Coco Chanel once said, “Every day is a fashion show, and the world is your runway.” Six-year-old me took that quite literally. I had been talking nonstop about my first day of kindergarten — a highly anticipated event and an exhaustive subject for anyone around me.
Some kids grew up with parents who would drop everything to drive them to school. Not me. My parents fully intended to put my twin brother and me on the school bus every morning until we could drive ourselves.
I’ve made declarations about random things at every age of my life, and 6 was no exception. I told my parents, grandparents, aunts and uncles, people at church — whoever would listen — that I was going to march onto that school bus and walk down the aisle like a little kindergarten model. (Clearly not considering that 1. we were the second stop on the route, so my audience would be my bus driver, Carol, and a handful of Amish kids, and 2. kindergarteners had to sit at the front of the bus, making my “runway” only about a foot long.)
Hilariously, when my big day finally came, my dad had to carry me — crying — onto the bus. No kindergarten model here.

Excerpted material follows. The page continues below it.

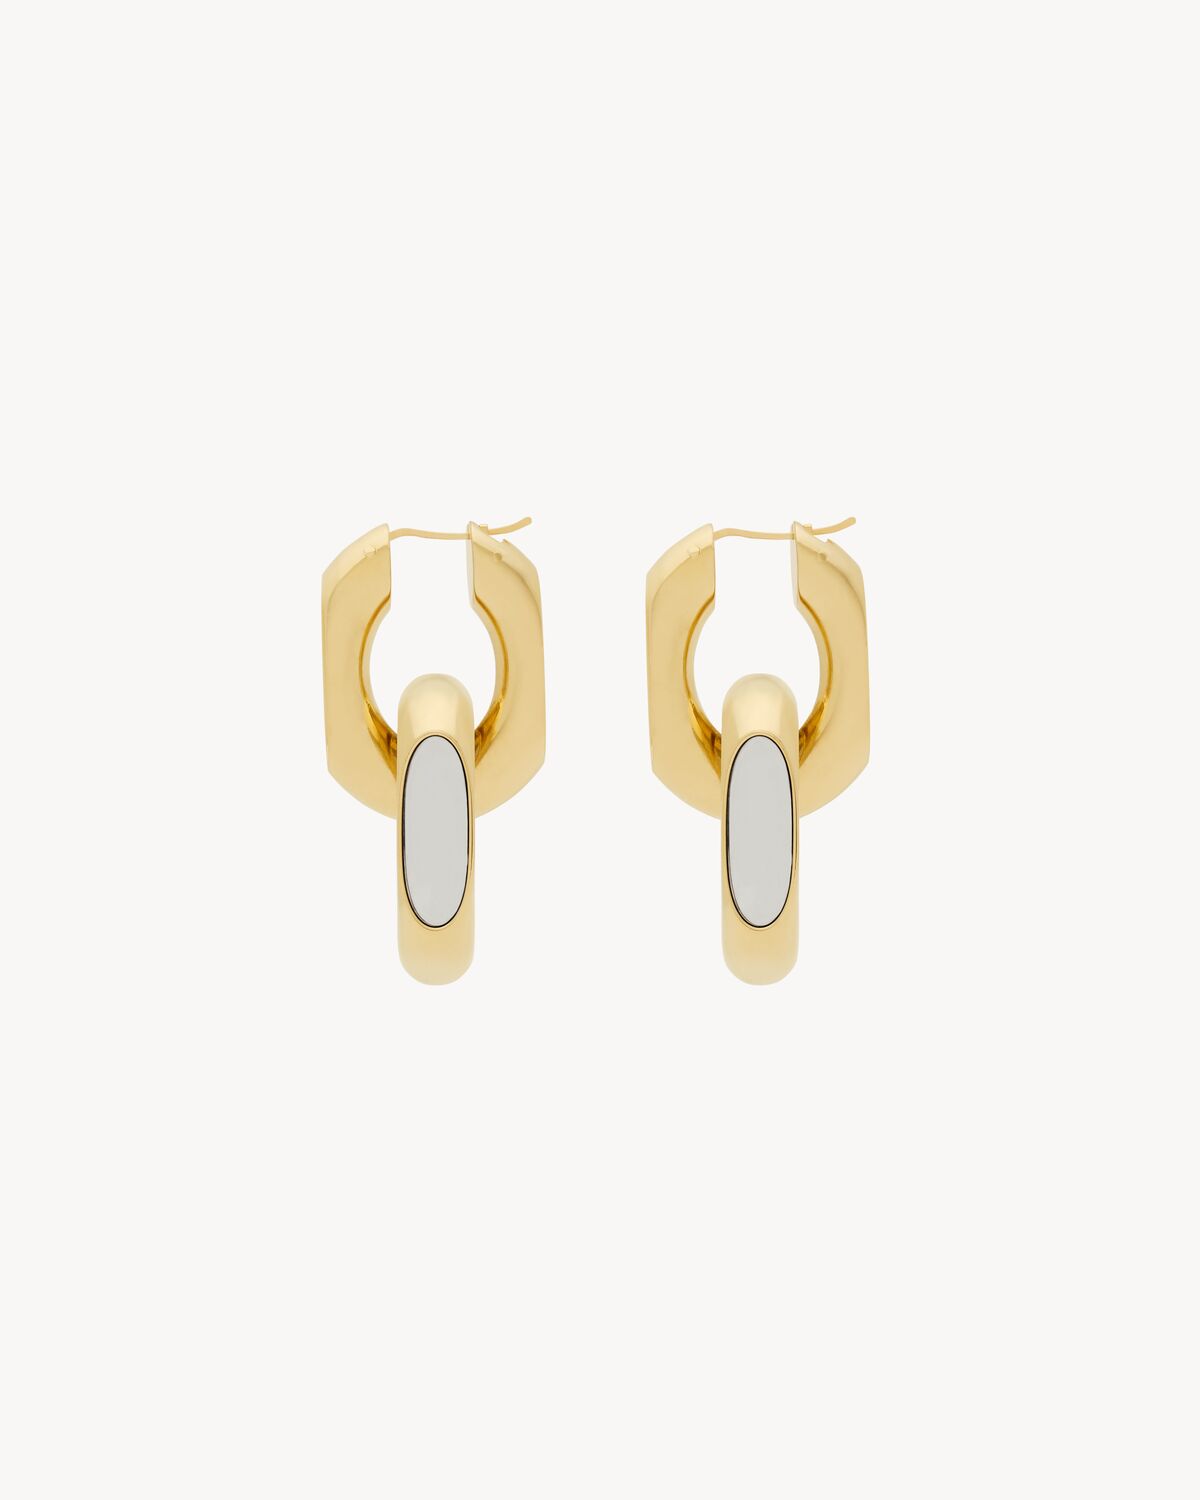 CASSANDRE duo link earrings in metal

You can never redo a first impression. While that may be true, you can do your best to make sure people mostly forget what their first impression of you even was. Fortunately for me, the only people who remember that are my parents and Carol.
Looking back, that moment still makes me laugh — but it also reminds me how style and presentation have always mattered to me. Not in a superficial way, but in the way they signal confidence, care and self-respect. Whether you’re walking down a school bus aisle or walking into a meeting, what you wear — and how you wear it — tells a story.
That morning ended in tears, but it taught me more than I realized. It wasn’t just the drama of unmet expectations — it was my first lesson in how preparation and reality don’t always match. I had the plan, the vision, the outfit, the confidence (right up until I didn’t). That tension between control and chaos has followed me in more adult forms — pitches or ideas that didn’t land, outcomes that didn’t match effort, outfits that looked better in my head.
But it also taught me resilience. You recover. You try again. You figure out what matters, fix what you can and keep showing up — sometimes overdressed, but always learning.